Solving this equation as a minimization problem will give you the desired $ {\ bf v} $. I will omit the subsequent development for solving, but this is the idea of the Horn–Schunck method.
Now, I would like to actually implement Optical Flow detection using OpenCV. We will use the Lucas–Kanade and Gunnar Farneback methods for which implementations are provided. The Gunnar Farneback method is a commonly used method of the dense type (constraints use neighboring points like the Lucas–Kanade method ...).
The sample actually implemented is placed below, but from here on, Domo-kun in NHK's CREATIVE LIBRARY as a material due to copyright issues. using.
icoxfog417/cv_tutorial/opticalflow
I'm using Python3.5, numpy1.10.4, and OpenCV3.1.0 (it's easier with Anaconda / Miniconda). However, only Matplotlib uses the previous 1.4.3. This is due to a bug in the execution of nbagg used for animation playback in the latest version 1.5.1 as of April 2016 (notebook backend figures close spontaneously # 6075. matplotlib / matplotlib / issues / 6075)).
As for the implementation, the basics are as in the OpenCV tutorial. First, from the Lucas–Kanade method.
You're running. .. .. You can see that the trajectory can be tracked. The Lucas–Kanade method detects feature points and estimates the optical flow from points around them. Therefore, the important processing is the following two points.

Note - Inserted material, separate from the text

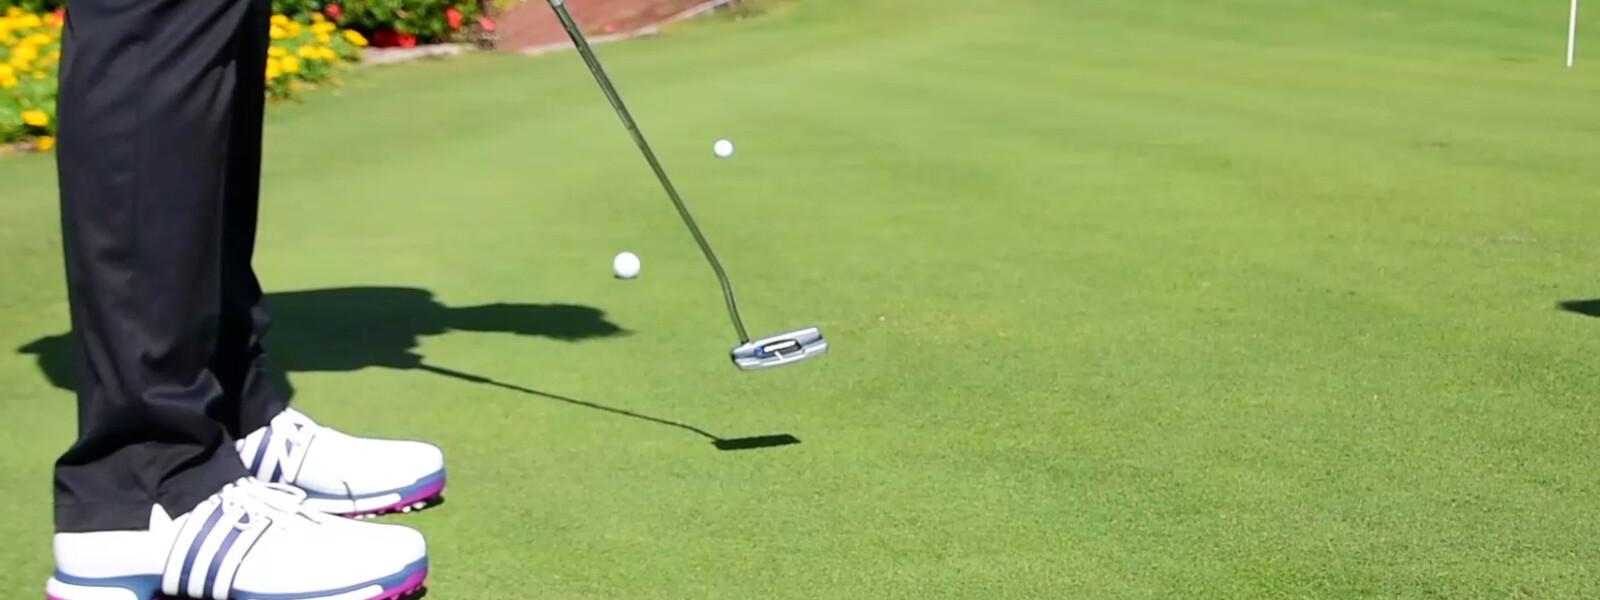 3. Golf-Trainingsvideo: Putting Richtungsweisend

Note that feature points may not be detected, of course (if not detected, None
will be returned). Also, anything that cuts into the video from the middle was not detected. Keep in mind that what you track must be visible from the beginning (I've tried a lot, but I'm not sure why).
If you find a dense Optical Flow by the Gunnar Farneback method, you can capture the whole movement more like the following.
As an aside, the VideoCapture
used to load the video can also pass the image file. I can do it. For example, if you specify ʻimg_% 02d.jpg, the files with serial numbers such as ʻimg_01.jpg
, ʻimg_02.jpg` ... will be read automatically. You can easily make flipbooks with this, so it's fun to give it a try.
That is all for the explanation. Please try to capture the memorable movements!